Turkish pharmacists association chairman Erdoğan Çolak has stated that data show 503 types of drugs are being distributed only on a limited basis to the Turkish market due to an ongoing currency crisis, making it difficult for patients to obtain their medications, the Birgün daily reported on Friday.
Limited distribution causes a gap in supply and demand, but sector representatives claim that the real crisis is expected to begin in two weeks’ time, when warehouses run out of certain types of drugs and are unable restock due to the Turkish lira’s dramatic decrease against the euro.
As of Friday, 1 euro equaled TL 7.44.
Drug companies have not made any open demand to the government for an increase in the drug currency rate.
There are allegations that the government is pressuring drug companies and has avoided an explicit demand by promising them the fixed drug currency rate will soon be increased.

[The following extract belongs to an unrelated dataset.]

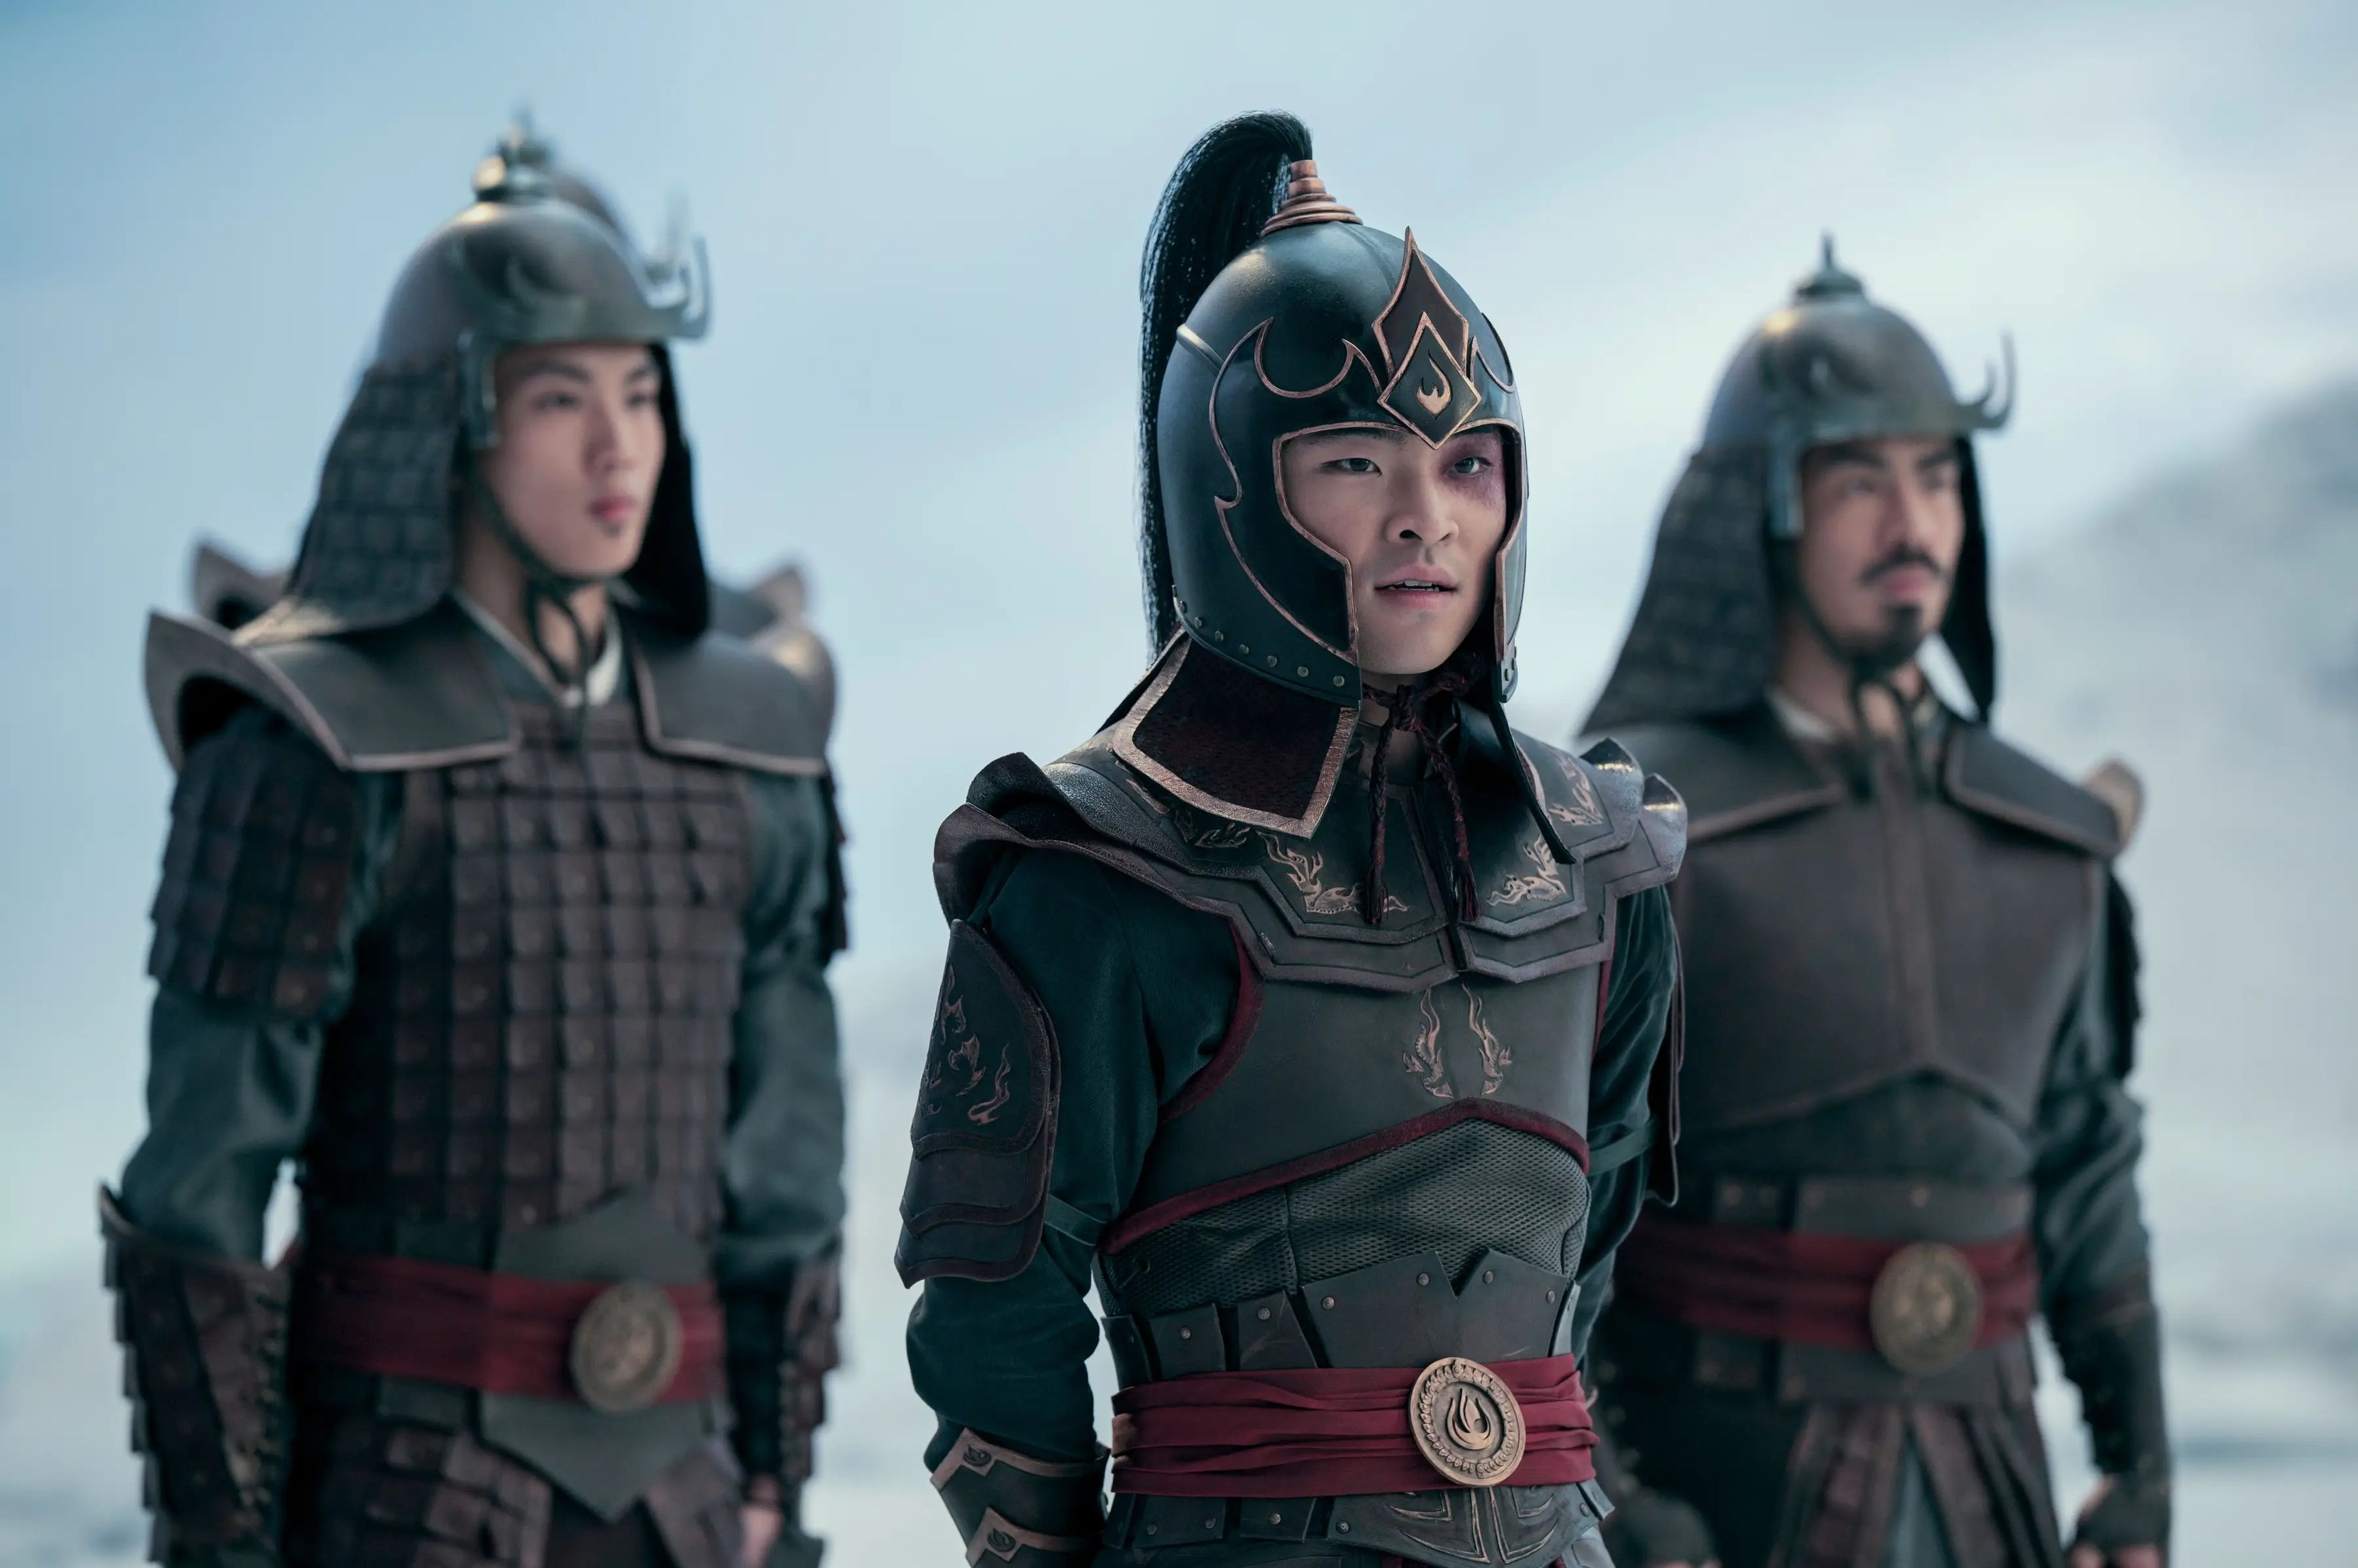 Dallas Liu como el príncipe Zuko en "Avatar: The Last Airbender".

The Turkish government set the lira’s value for drugs at 2.69 against the euro in February, which prevents drug companies from selling medications at a higher rate to pharmacies regardless of changes in the rate of exchange. The regulation was intended to avoid constant fluctuation in drug prices and make them available to the public.
The regulation also fixes the profit of drug suppliers and pharmacies.
However, the regulation has not been updated since February. As the lira continues to lose value against the euro, the gap between the amount drug companies pay to European suppliers and the amount they receive from Turkish pharmacies is widening.